1. Measurement of Soil Resistivity
Accurate assessment of resistivity is crucial, as the electrode resistance is directly related to soil resistivity. Utilizing an erroneous soil resistivity value during the design phase may result in the measured impedance of the earthing system deviating considerably from the intended specifications. This may consequently result in significant financial repercussions.
The testing process is generally conducted with a four-terminal earth tester. Four spikes are embedded in the ground, as illustrated in the diagram, separated by a distance of “a” meters. The penetration depth of each spike should not surpass “a” divided by 20 and typically does not exceed 0.3 meters.

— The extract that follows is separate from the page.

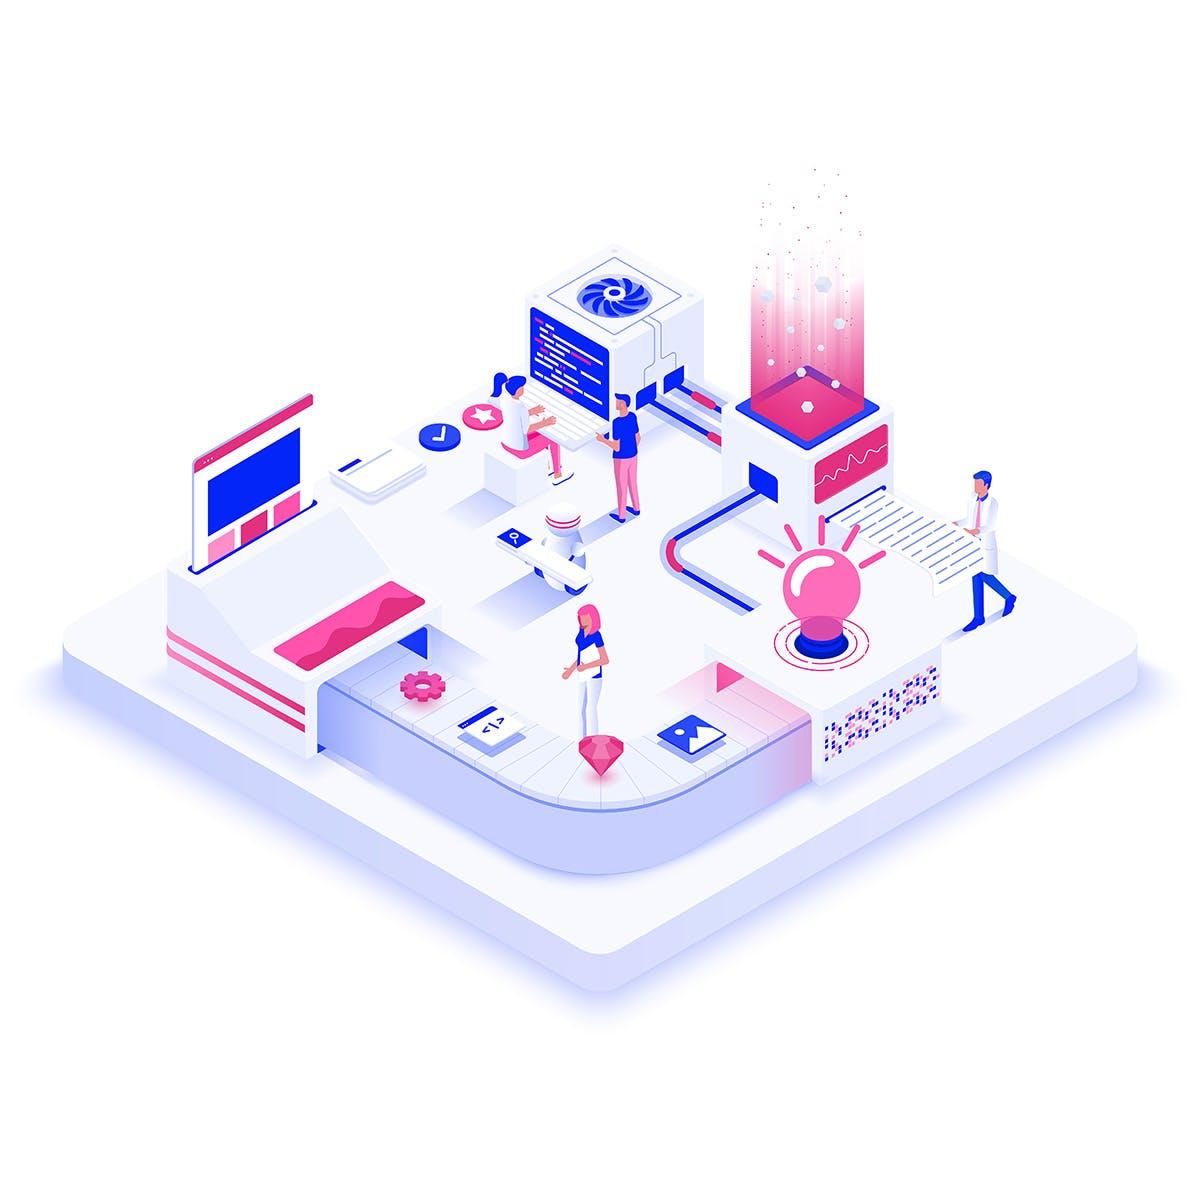 3D立体2.5D高科技5G移动通信科技卡通手绘插画banner元素大集合(AI,EPS,JPG,PDF)

The outside two spikes must be linked to the current terminals C1 and C2 of the instrument, while the inner spikes should be connected to the potential terminals P1 and P2.
Figure 1 – Four-terminal earth testing arrangement
It is crucial to verify that the test spikes are not positioned in alignment with subterranean metal pipelines or cables, as they will cause measurement inaccuracies.
The apparent resistivity is expressed by the formula: ρ = R × (2πa), where “R” is the instrument resistance in Ohms and “a” represents the spacing in meters.
The term “apparent resistivity” is utilized since the aforementioned formula presumes that the soil is homogeneous to a depth of “a” meters under the central point of the measurement traverse. We can acquire data regarding the real soil stratification by conducting a series of measurements, increasing “a” in increments of 1 m up to a separation of 6 m, followed by increments of 6 m up to a typical separation of 30 m. For extensive sites, particularly those with underlying rock, measurements may be recommended at separations of 50 m, 80 m, and even 100 m.
The testing apparatus employed must possess adequate precision to measure minimal resistance values at these considerable distances, namely ranging from 0.01Ω to 0.002Ω. Measurements should ideally be conducted in a region of relatively undisturbed soil.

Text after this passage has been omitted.